What leads one to a certain subject, I wonder.
I can, with all certainty tell you that about eighteen months ago I started developing ideas for this show. I knew that I wanted to make works which examined the electromagnetic spectrum in a few different ways, and I knew that I wanted to do this because for the last number of years I have been playing around with a seemingly disparate grouping of ideas and technologies which are loosely collated into that subject matter. This exhibition star-stuff is about waves: Waves and frequencies, light and sound, communication in its many and varied forms.
I think that as artists we are always searching for the reasons why, that or otherwise stating a because. I’m one of the first kind. Things interest me, and the more interesting they are the more hooked I am. I stumbled across British composer Daphne Oram and her wondrous machine after being given an old oscilloscope from a friend. I’d just finished an electrical course and apart from graphing electrical signals I wondered what else I could do with it. A few tangents later and I was looking at the most beautiful and ad hoc arrangement of homebrewed construction I’d ever seen. Everything that was used in that arrangement of technology was there to fulfill a function, and had little apparent aesthetic selectivity. You can sense the needfulness in the object for things to function just so.
There was only one Oramics machine ever made and that one ended up forgotten in someone’s shed after Ms Oram passed away. They showed it recently at the British science museum and I would have almost given a limb to see it in its decaying flesh. Alas all I can do is to try to offer up this homage to a technological relic. An architecture of machinery, an architecture of sound.
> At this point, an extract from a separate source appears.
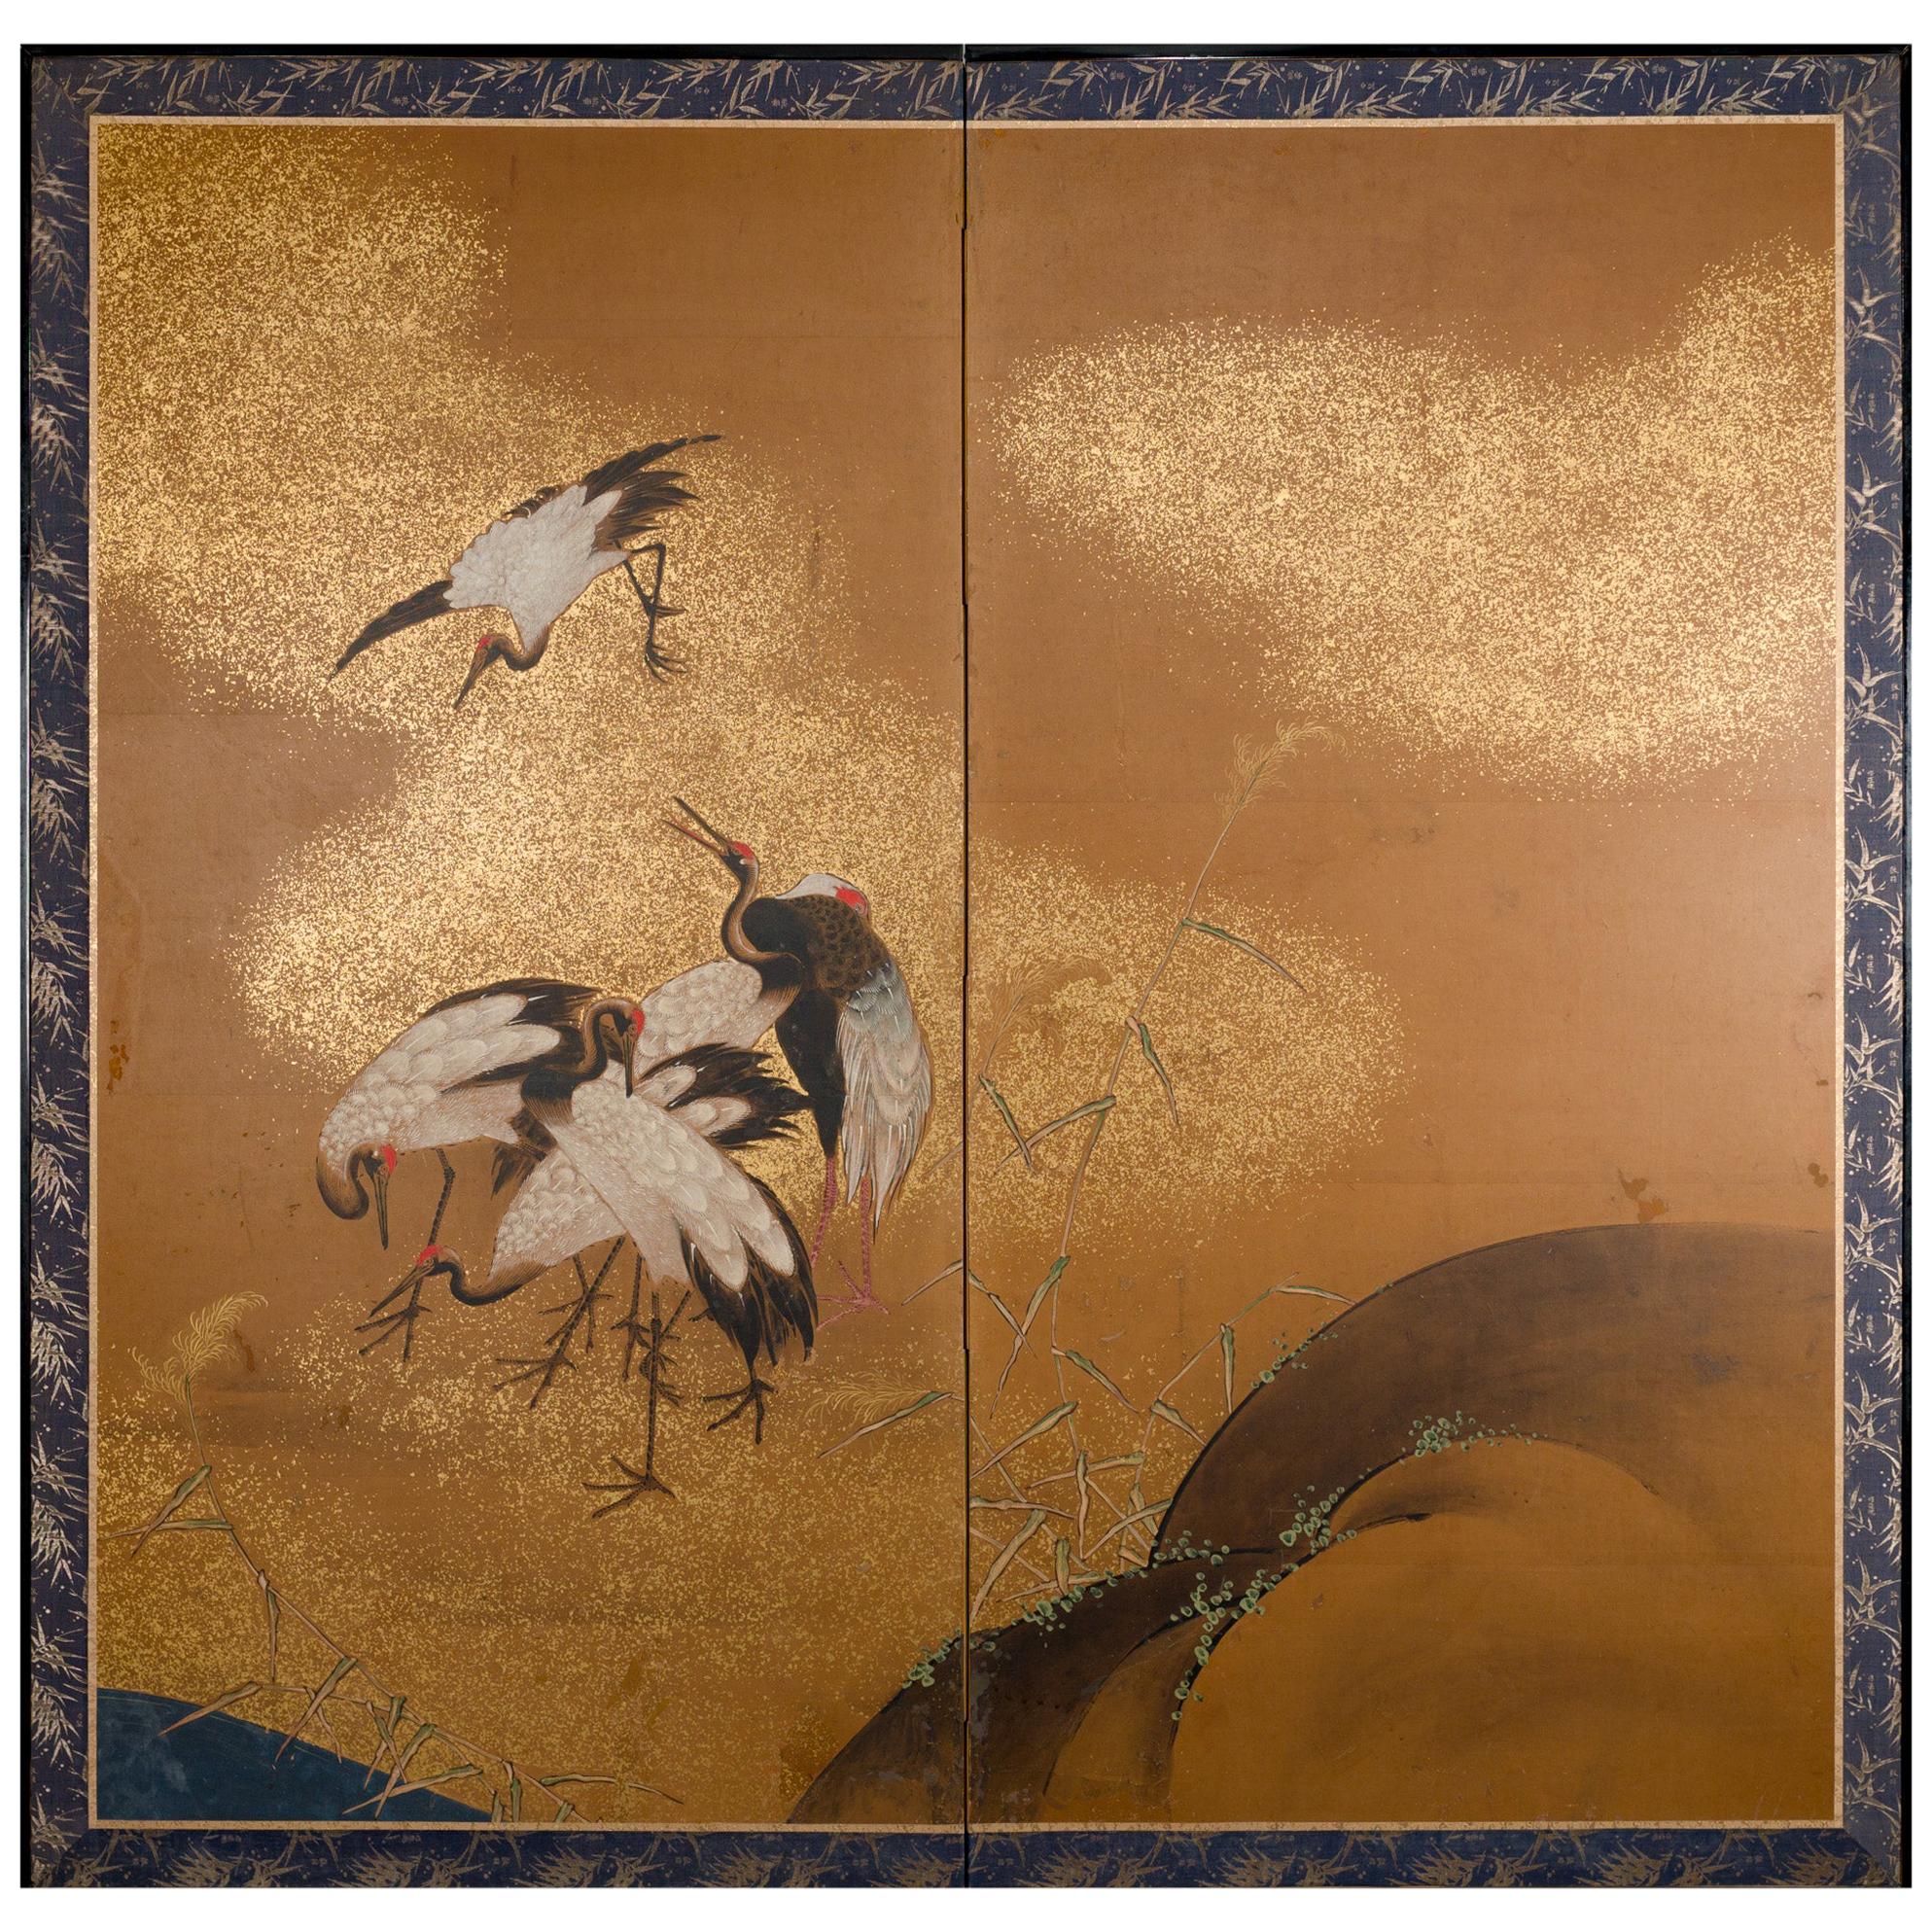 Japanese Two Panel Screen Sedge of Cranes in Rolling Landscape with Gold Clouds

There’s this great term that pinball machine inventors used to use called White wood. It’s basically what they call the prototype they make to check the way a ball will travel around a set of problems. They work out all the engineering of the thing before they even think about the decorative graphic bits, and while I adore early pinball graphics from the 30’s and 40’s – their palette and graphic styles are exceptional examples of the artform – these machines stripped bare of all that – notated brusquely, patchy paint and full of holes, bits screwed in roughly – the focus is on the craft of the intent rather than any innate craftsmanship of the object.
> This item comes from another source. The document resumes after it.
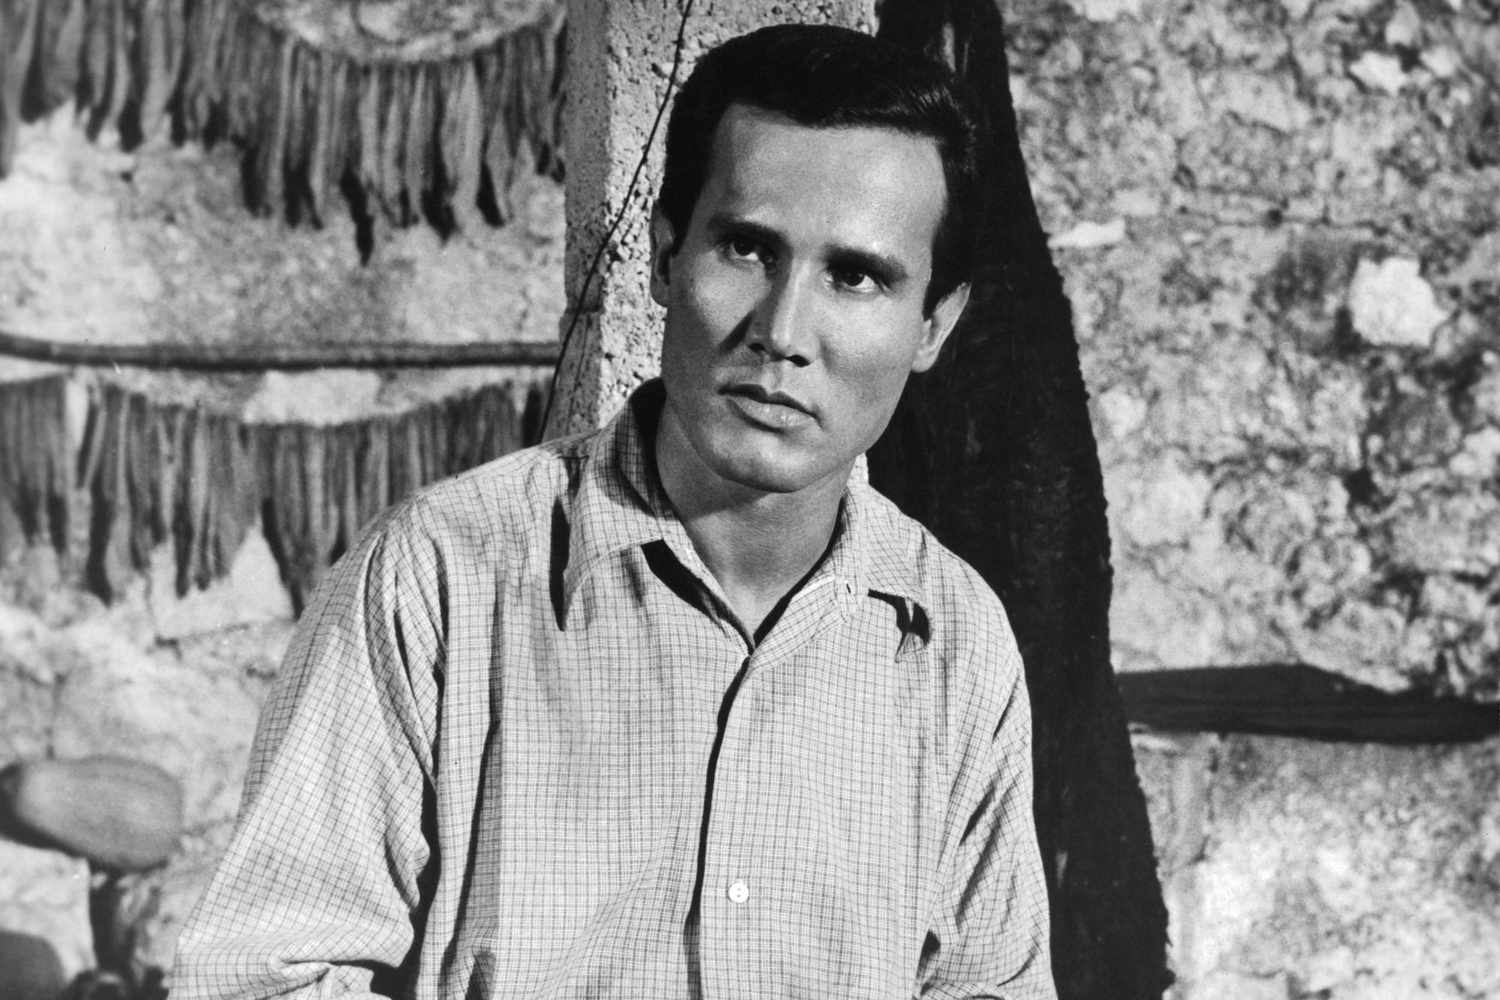 Actor Henry Silva on set of the movie "The Secret Invasion" in 1964. (Photo by Michael Ochs Archives/Getty Images)

I make white woods. This is a bit perverse I realise, considering that they are unable to function in the way they are intended to, but it is their intent which fascinates me, hopefully others.
I have long been attracted to the architecture of public space – particularly in public phone booths (an unfortunate dying breed) I never seem to notice them during the day, but late at night, glowing into the dark streets they come alive; much like a sudden unexpected silence amongst the daily noise. Things used to be quieter, I know it. This is not some sentimental nostalgia, although there is a part of me which cries out for some time-out.
When I was younger I would occasionally duck into one and dial 1194. This was before mobile phones and I was useless at wearing a watch but mainly I loved the break – to stand (exposed and yet not exposed) under their bright light and stare out into the darkness with a voice counting out minutes, hours and seconds. We don’t do that anymore; we have time and the source of all knowledge stuffed into pockets and bags. We’ve forgotten the joy of inaccessibility and stillness, I think and I’m not sure it’s something worth losing.
It was Carl Sagan who first said ‘We are made of star-stuff.’ It’s the same thing – there’s the communication and the connectivity but there’s a longing to it – for that kind of solitude. I miss the thought of people working late into the night struggling with problems, unable to turn to google to check out a detail or procrastinate with trolls on social media; contemplating instead the darkness and the silence, looking at bigger pictures, imagining things into existence that have never been conceived before, contemplating constellations.